» Material for the task:
BEGIN

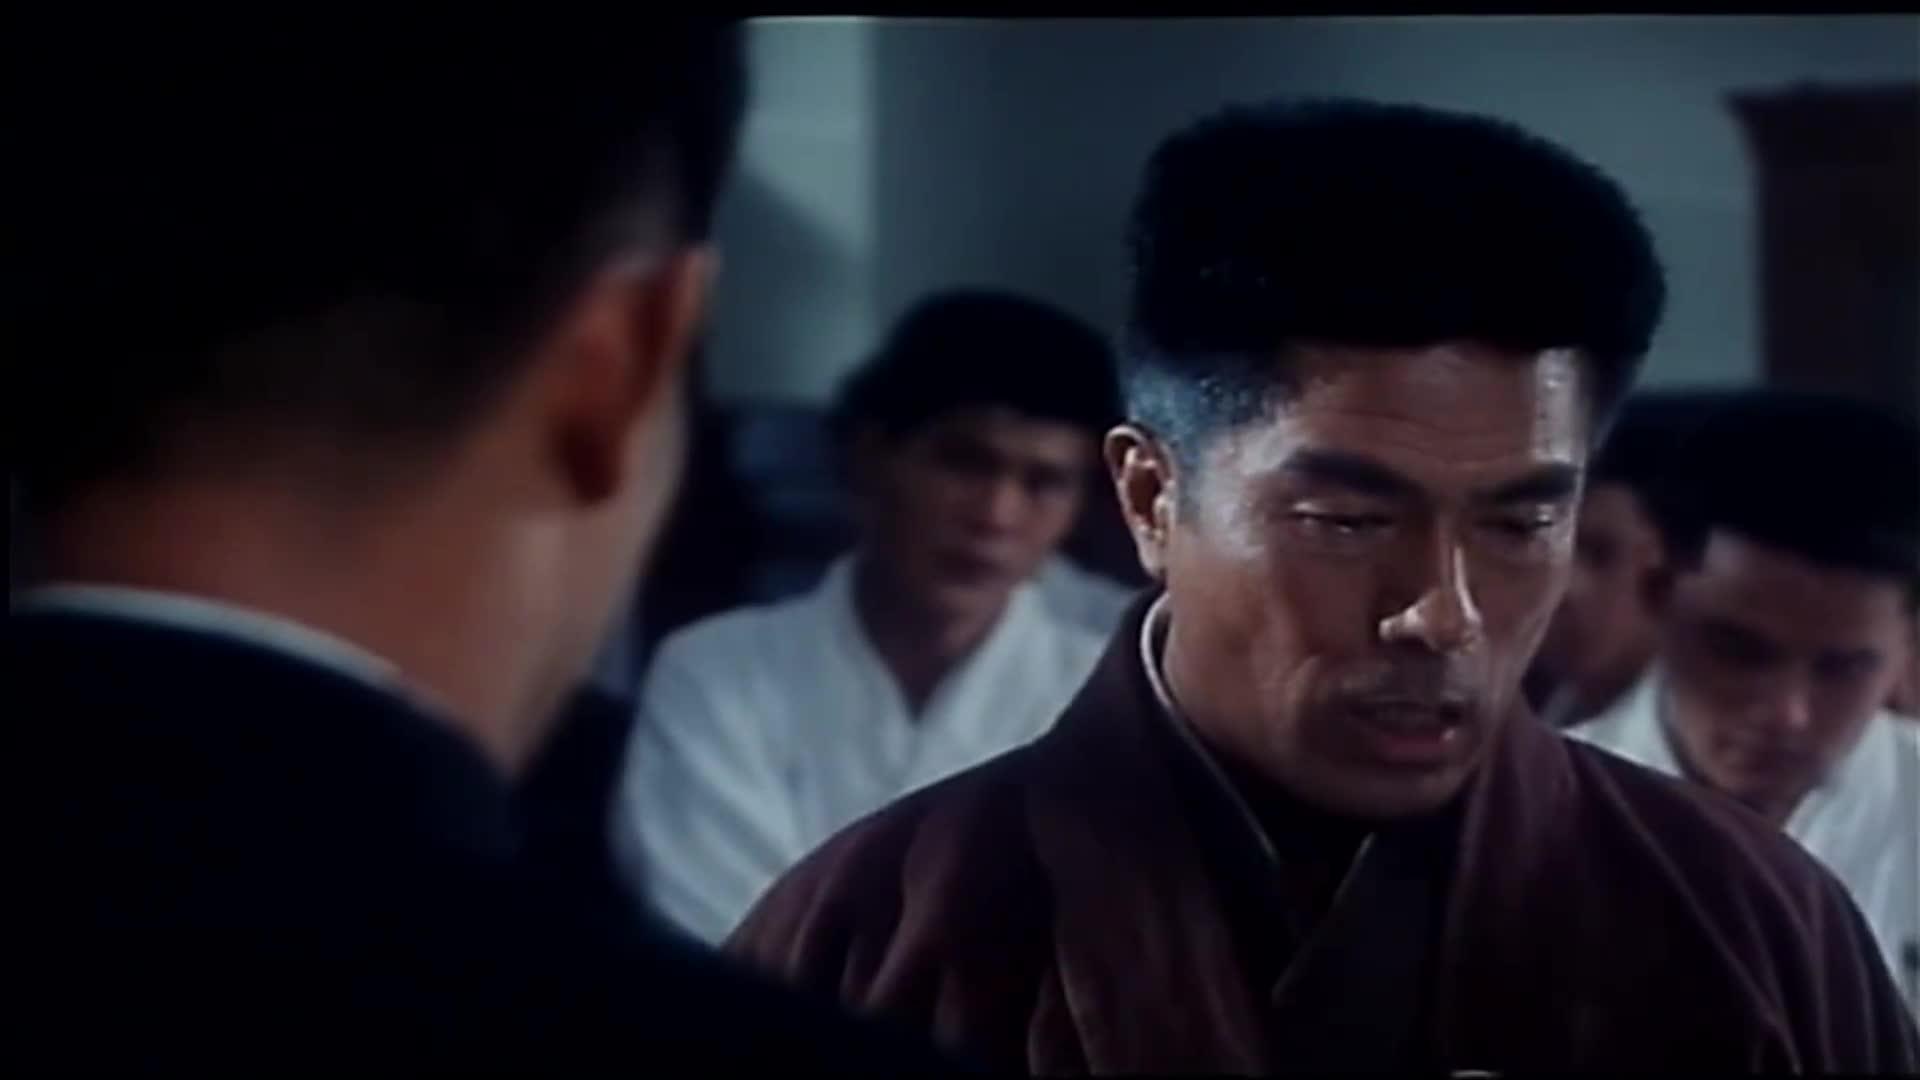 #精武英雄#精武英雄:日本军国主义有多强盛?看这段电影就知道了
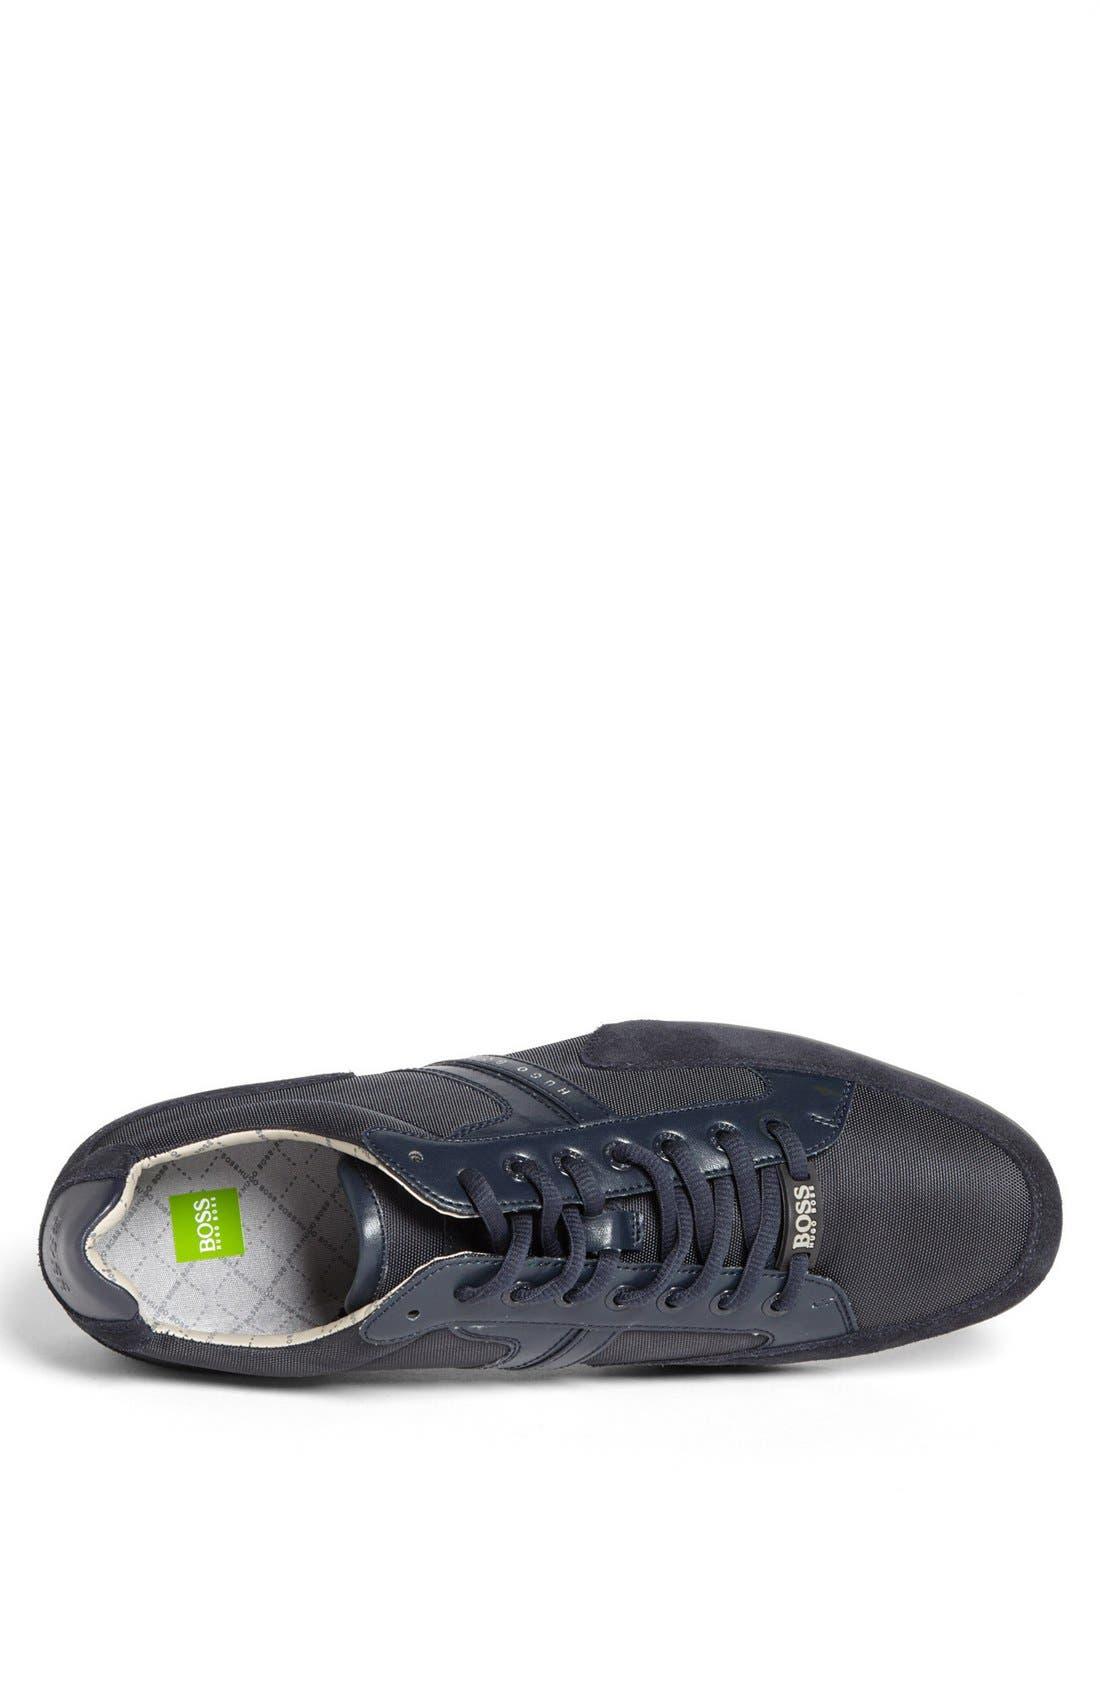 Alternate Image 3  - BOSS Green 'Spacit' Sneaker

END
BEGIN

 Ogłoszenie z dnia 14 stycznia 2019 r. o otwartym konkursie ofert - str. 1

END

» Exercise brief: "#精武英雄#精武英雄:日本军国主义有多强盛?看这段电影就知道了" marks the first line to copy, and "Alternate Image 3" marks the last. Repeat that stretch above exactly, with no pictures.

» Final answer:
 #精武英雄#精武英雄:日本军国主义有多强盛?看这段电影就知道了
 Alternate Image 3  - BOSS Green 'Spacit' Sneaker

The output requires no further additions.